Однажды в воскресный день после обедни, когда ‘благородные’ обыватели богоспасаемого града Рожнова, приложась ко кресту, поздравляли друг друга с праздником, уездный стряпчий Иван Семеныч Хоринский подошел ко мне.
— Сделайте такое одолжение, — говорил он с какими-то торжественными ужимками, — удостойте чести мой пирожок, Антон Михайлыч будут, Степан Васильич, Михайла Сергеич. Сделайте одолжение, удостойте!.. Сегодня я именинник.

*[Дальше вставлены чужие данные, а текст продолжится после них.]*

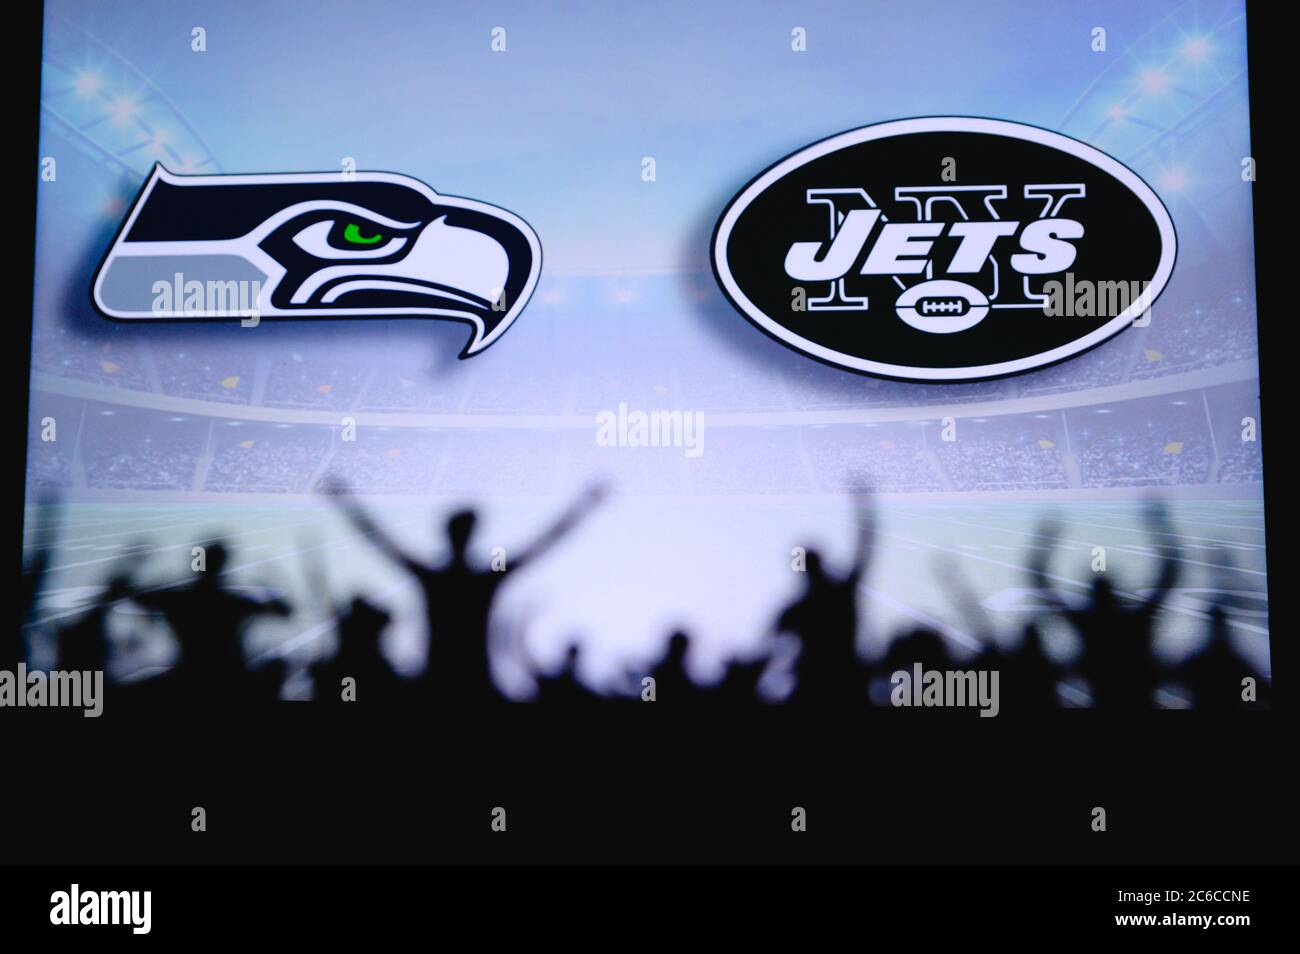 Seattle Seahawks vs. New York Jets. Apoyo de los fans en el NFL Game. Silueta de los seguidores, gran pantalla con dos rivales en el fondo. Foto de stock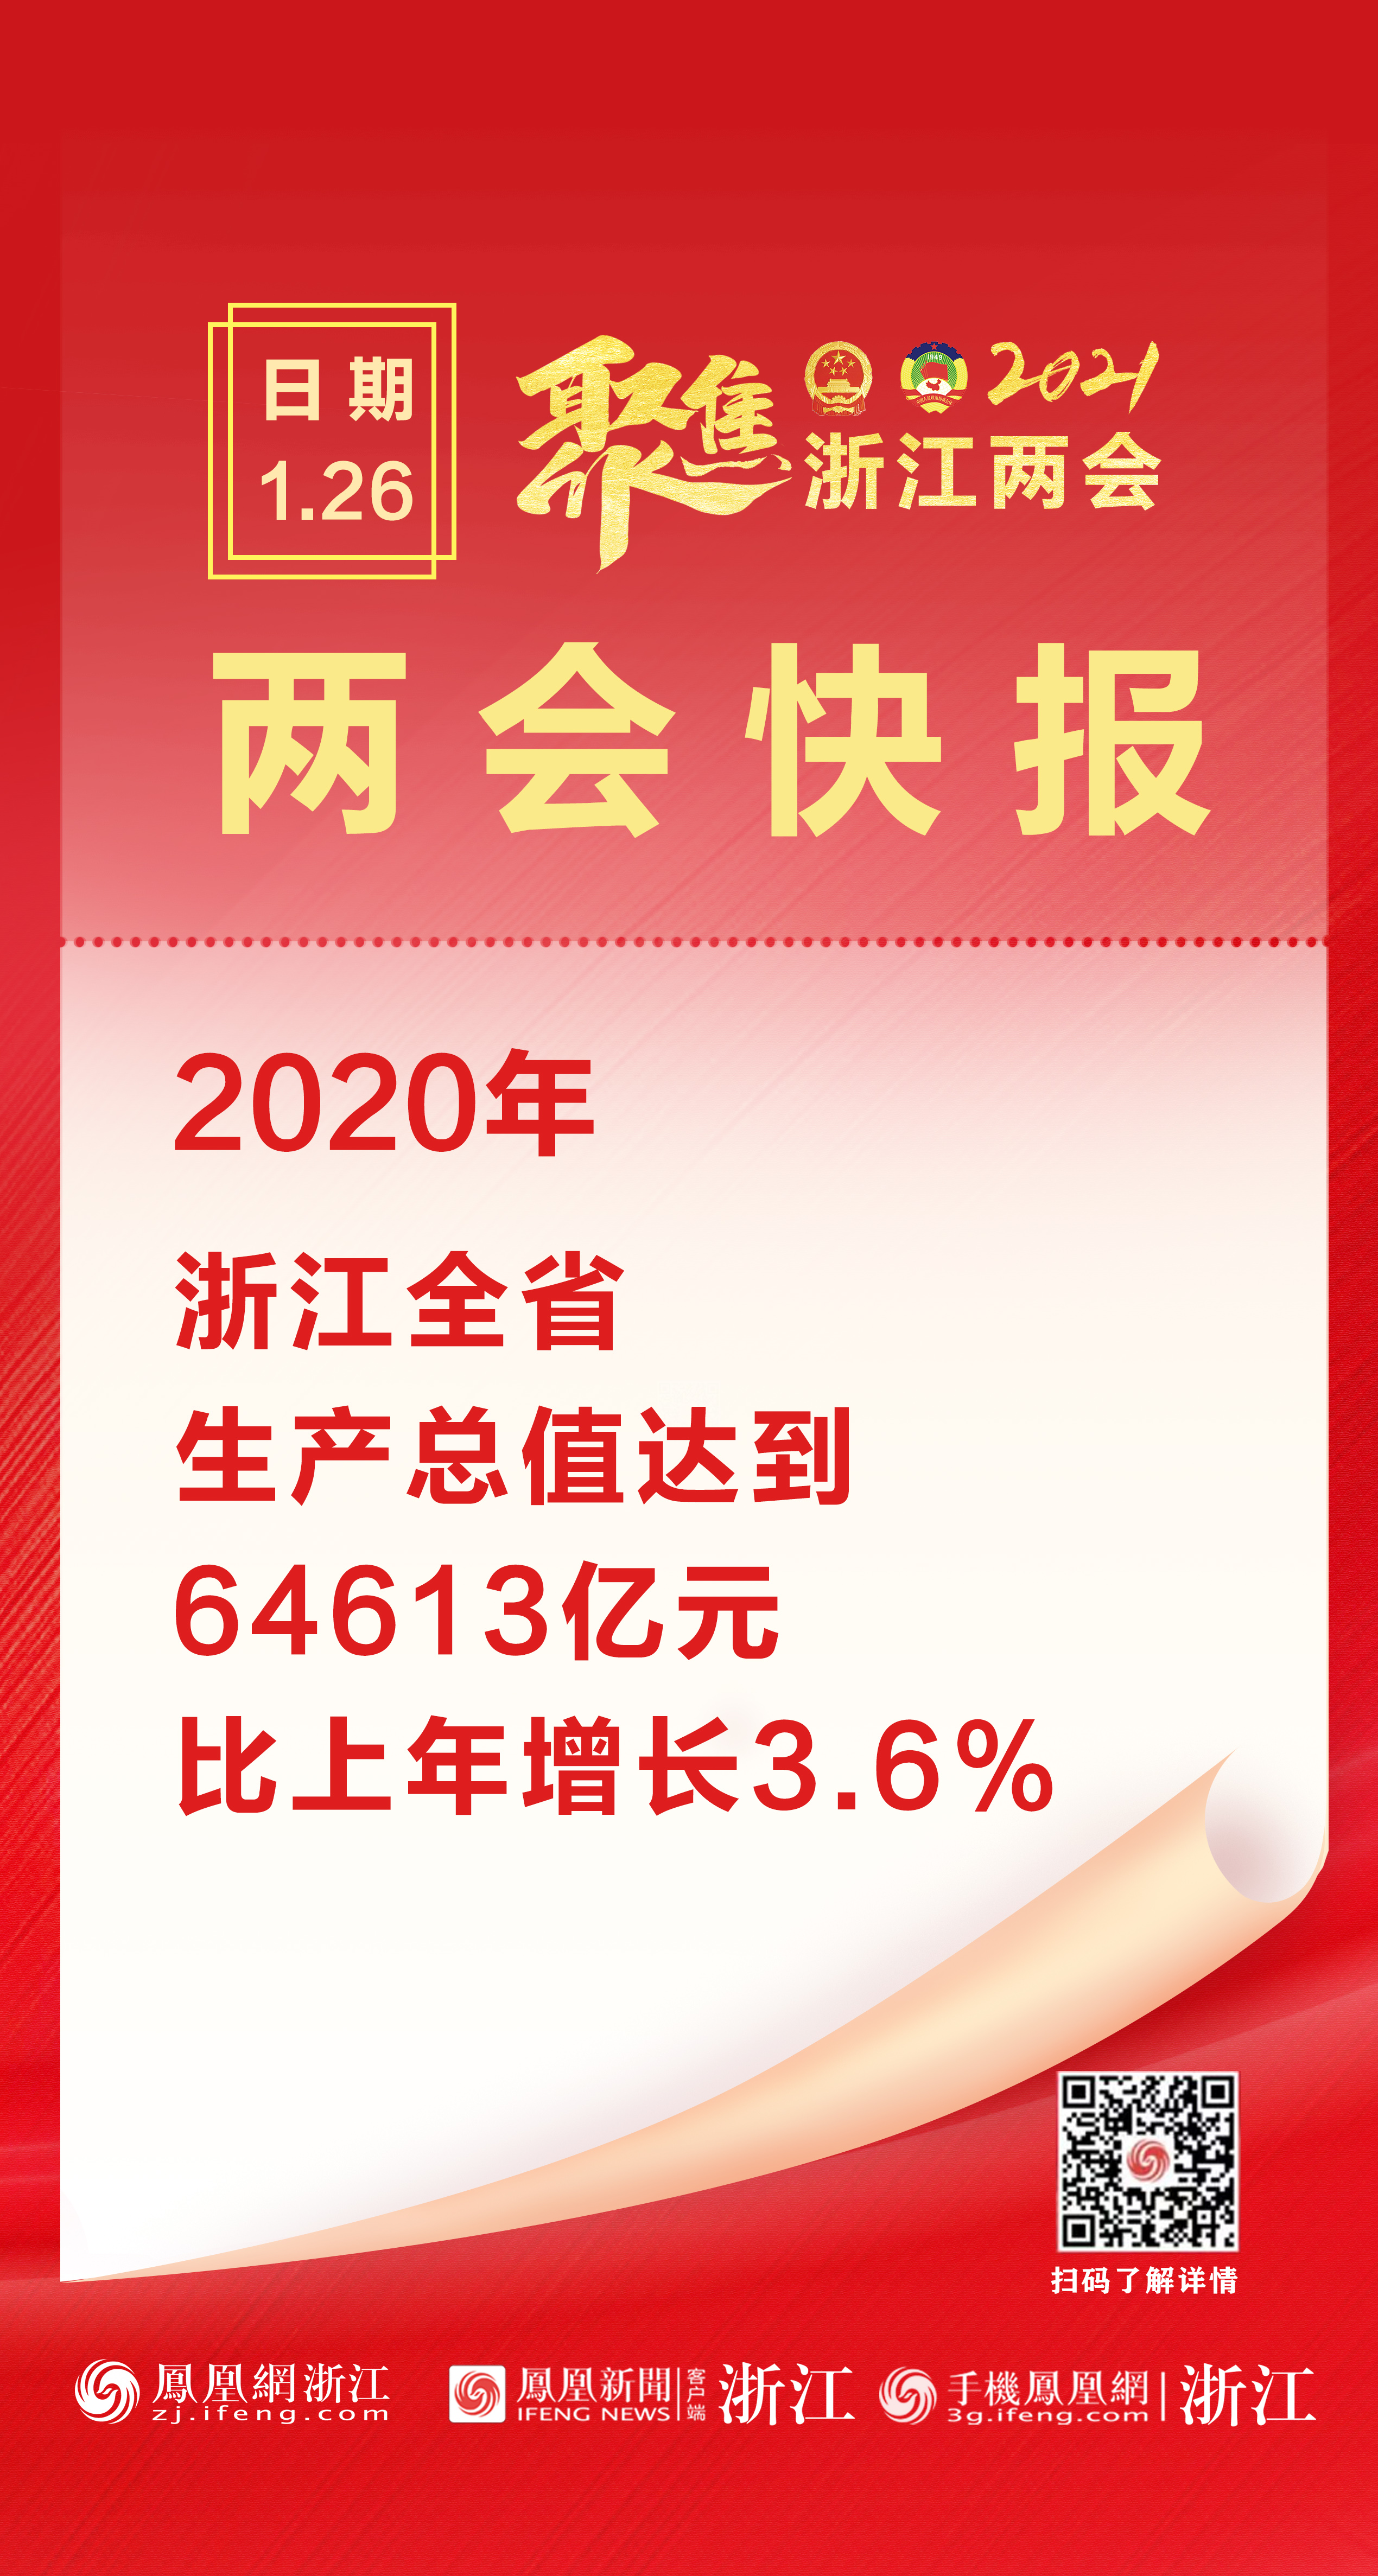 2020浙江省GDP总量64613亿元 同比增长3.6%

Поздравив именинника, я обещался быть у него непременно.
— Только уж нельзя ли пораньше, Андрей Петрович: мы ведь люди простые, не столичные, привыкли рано. Сделайте милость, теперь же, прямо из церкви.
Затем, посуетившись среди ‘благородных’, Иван Семеныч в алтарь пошел приглашать духовника своего, рожновского протопопа, отца Симеона. Мимоходом тронул за плечо купца Дерюгина, торговавшего бакалеями, вином и другими жизненными потребностями и занимавшего в ту пору должность городского головы. Дерюгин оглянулся, именинник что-то шепнул ему, и голова с сияющим лицом поклонился стряпчему в пояс.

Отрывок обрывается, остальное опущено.